BRIEF >>
Word for word, repeat the data that follows. Do not include the pictures.
___ DATASET SECTION ___
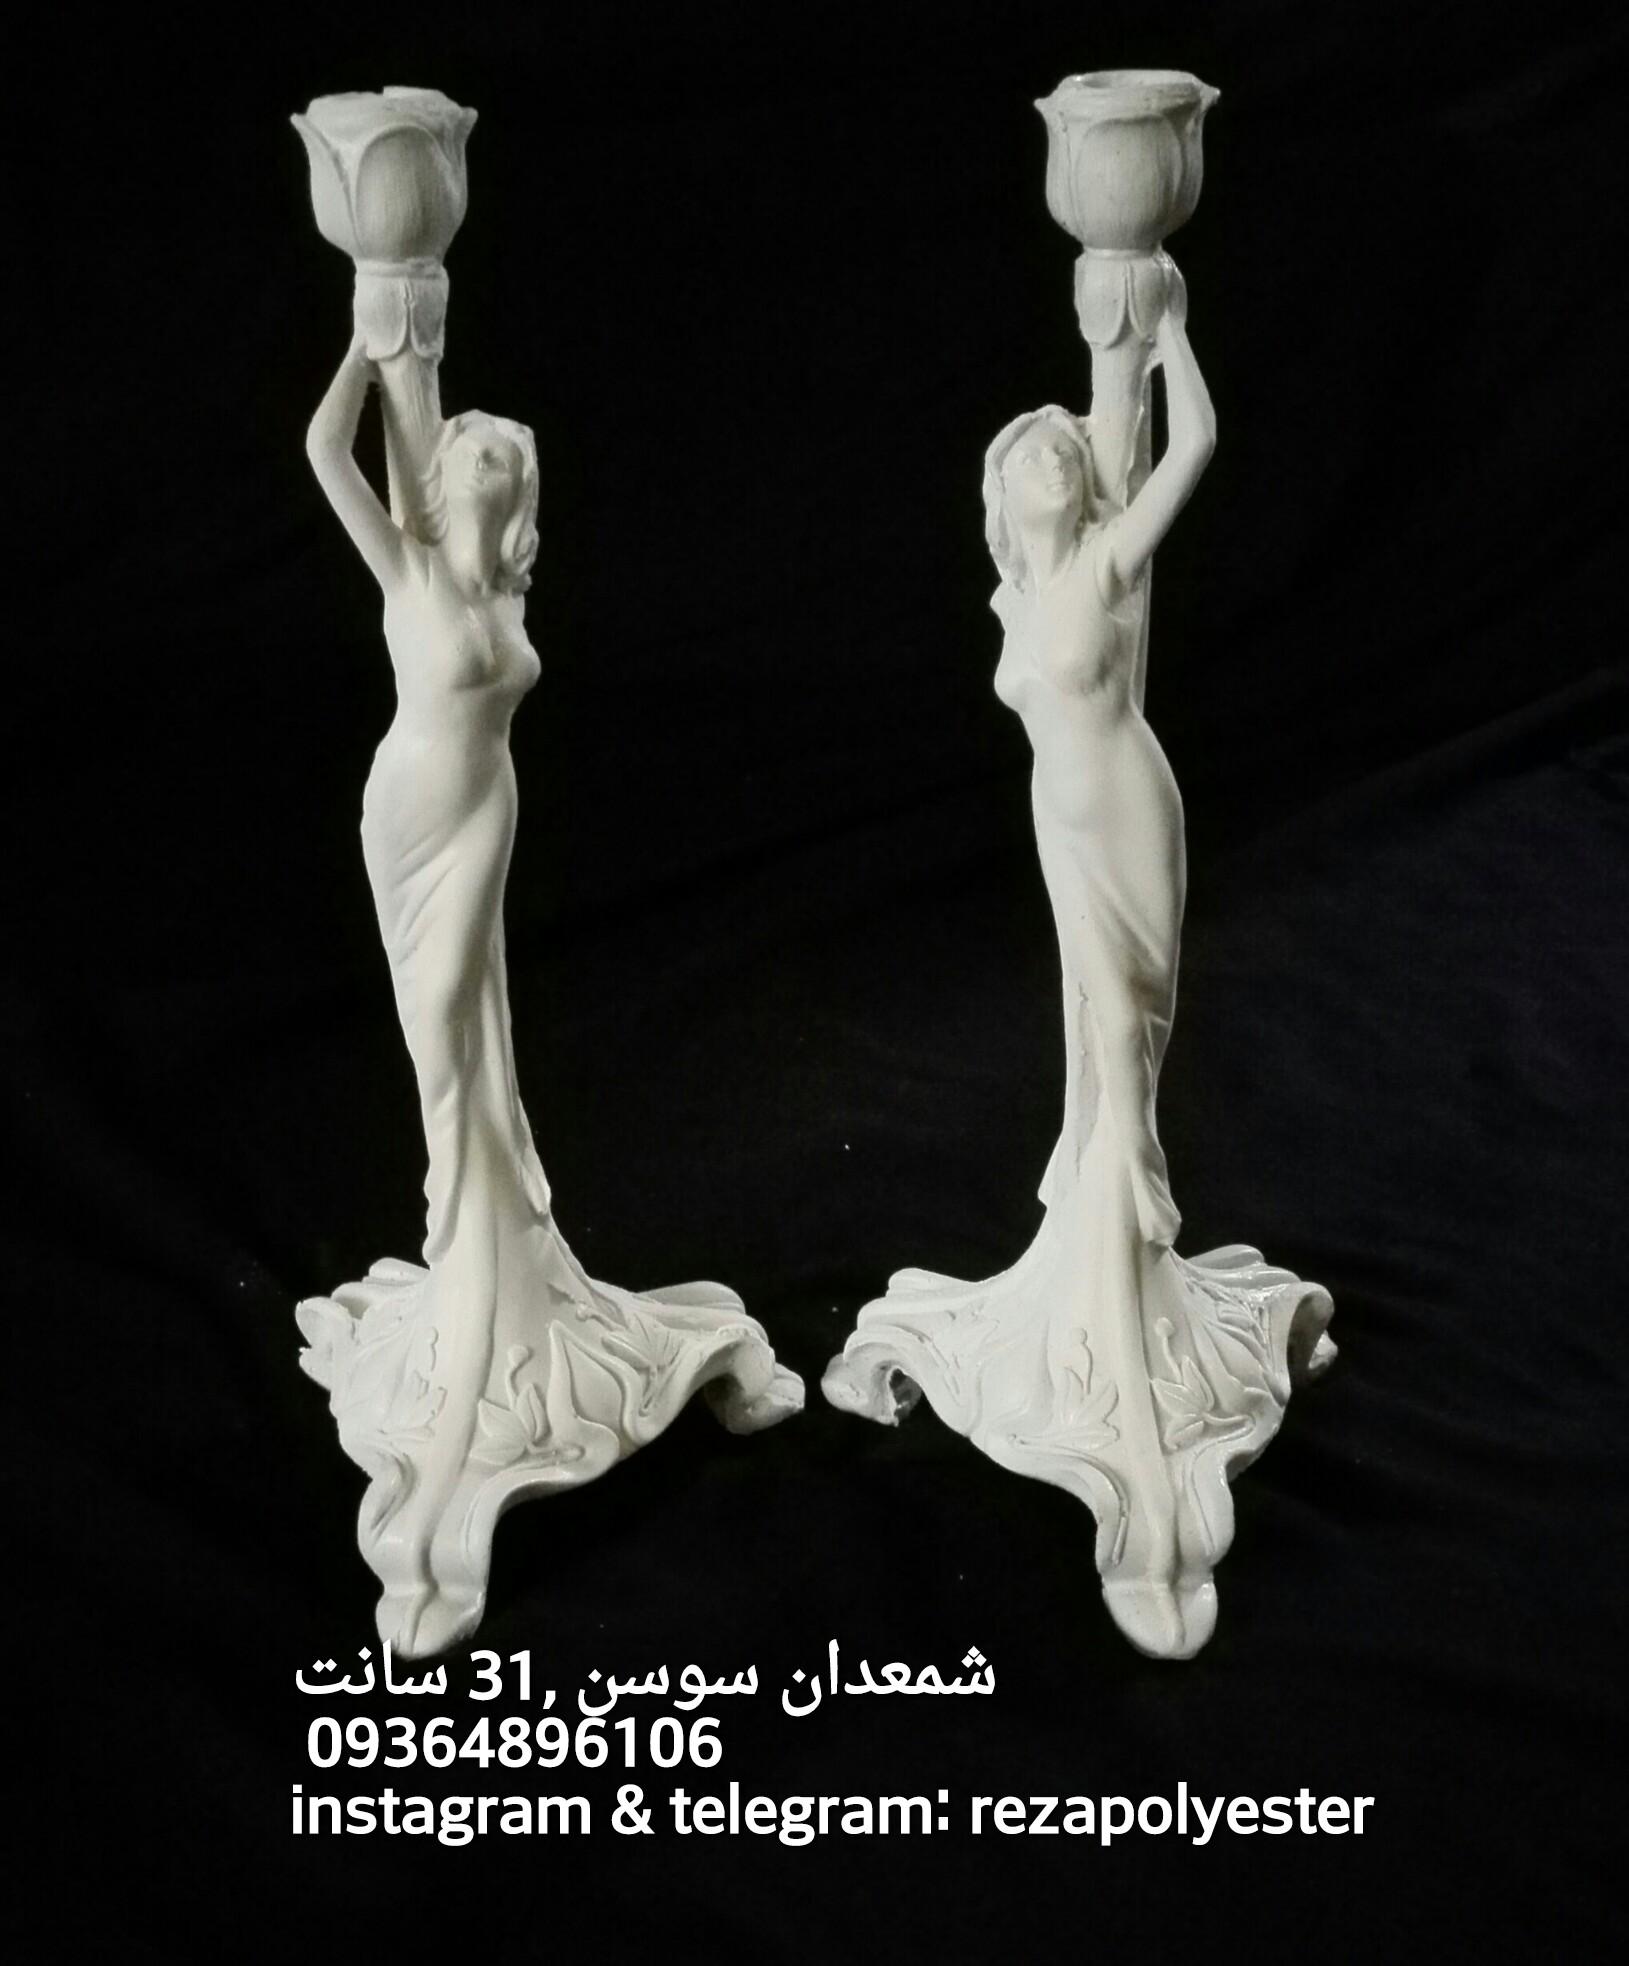 مجسمه شمعدان سوسن
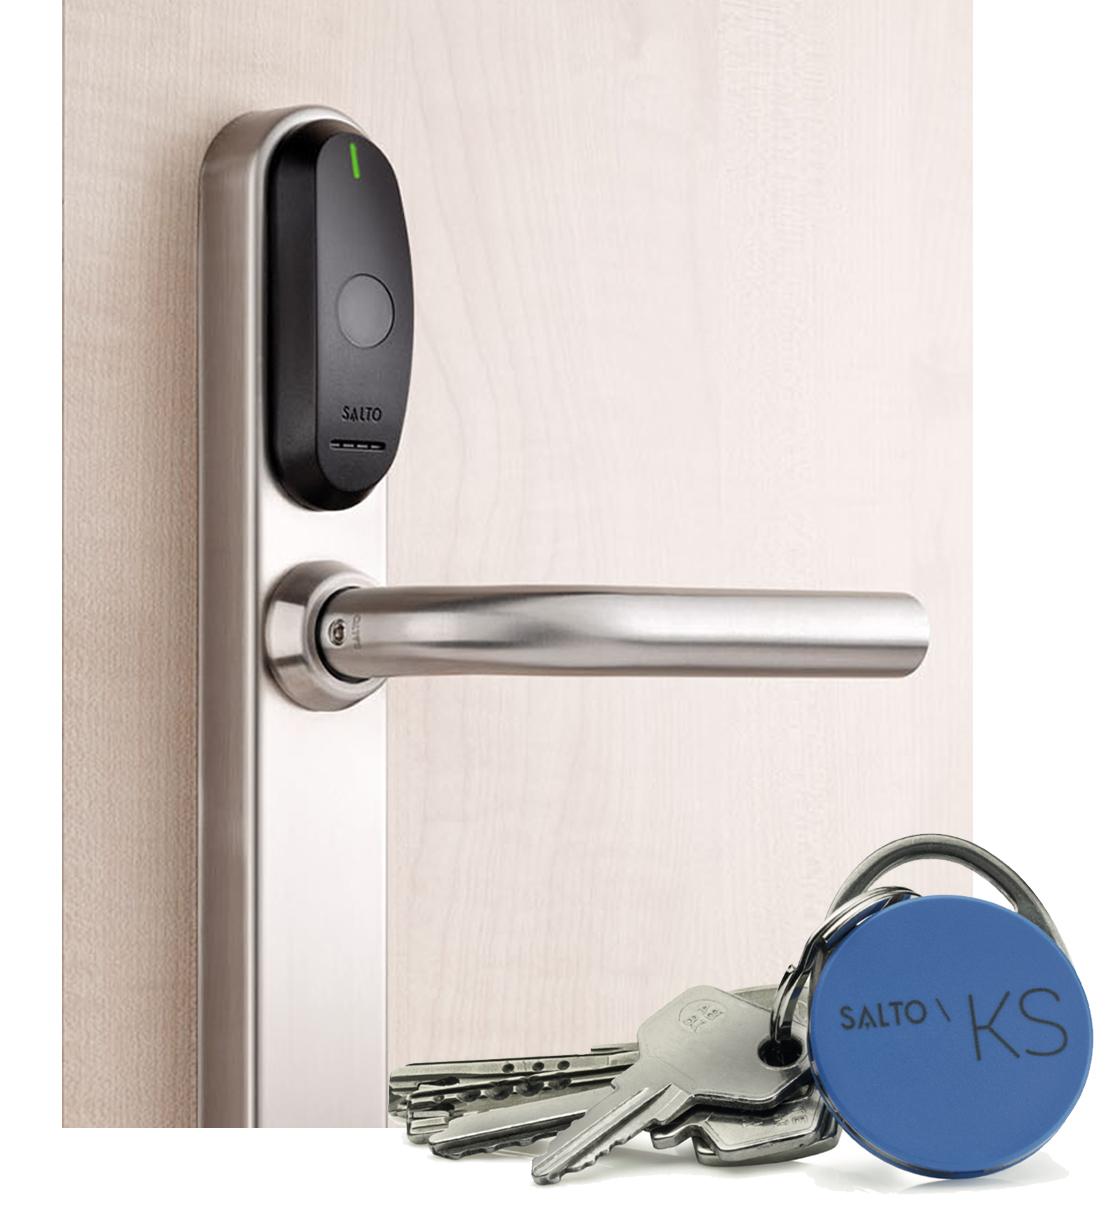 Salto Door Key-Fob for Easy Entrance
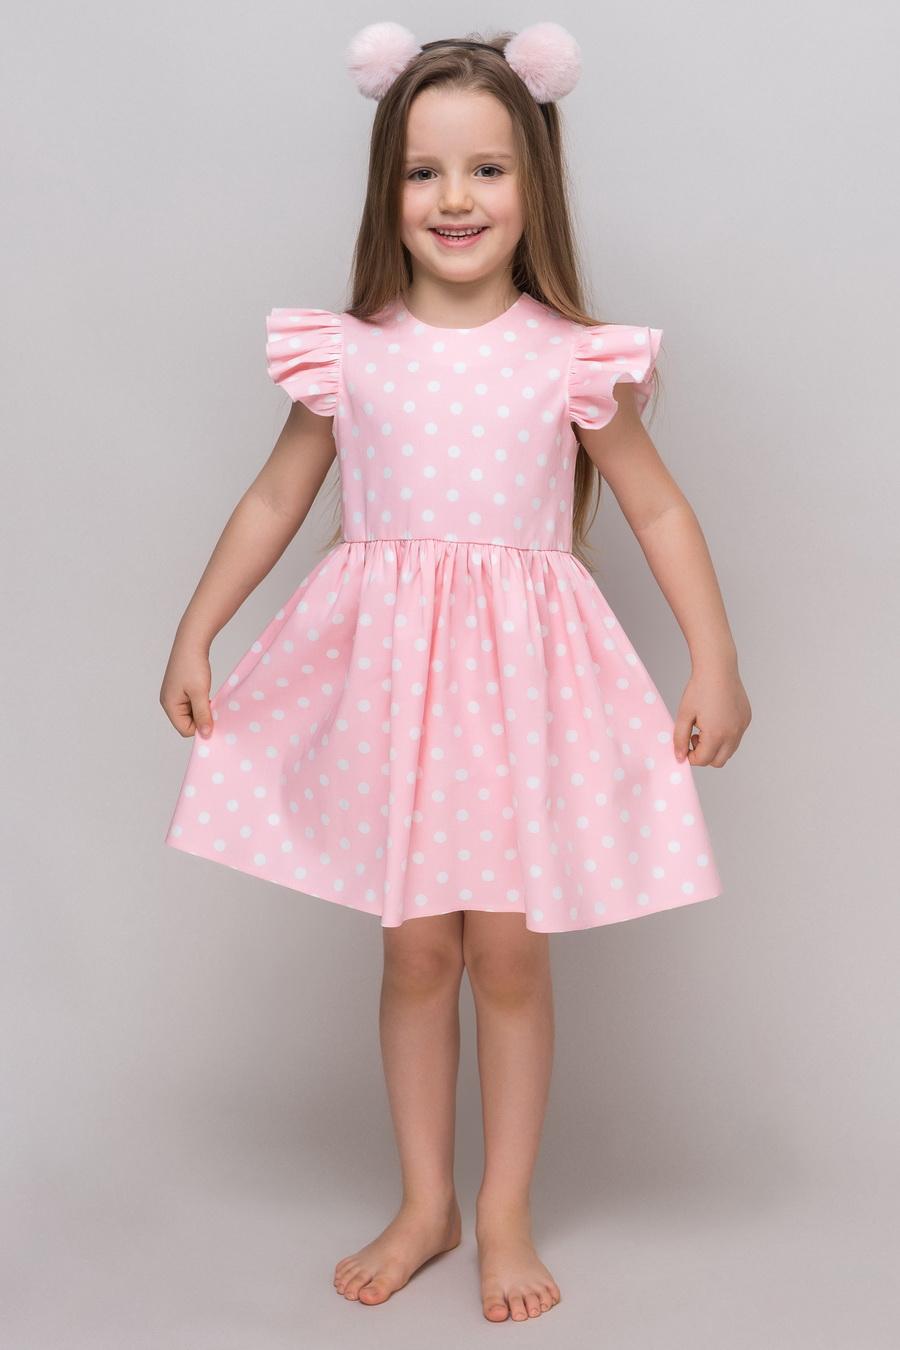 e95acb6c340c7b1 Летнее платье KP-6 для девочки купить оптом в интернет-магазине ...
___
RESPONSE TO THIS TASK >>
 مجسمه شمعدان سوسن
 Salto Door Key-Fob for Easy Entrance
 e95acb6c340c7b1 Летнее платье KP-6 для девочки купить оптом в интернет-магазине ...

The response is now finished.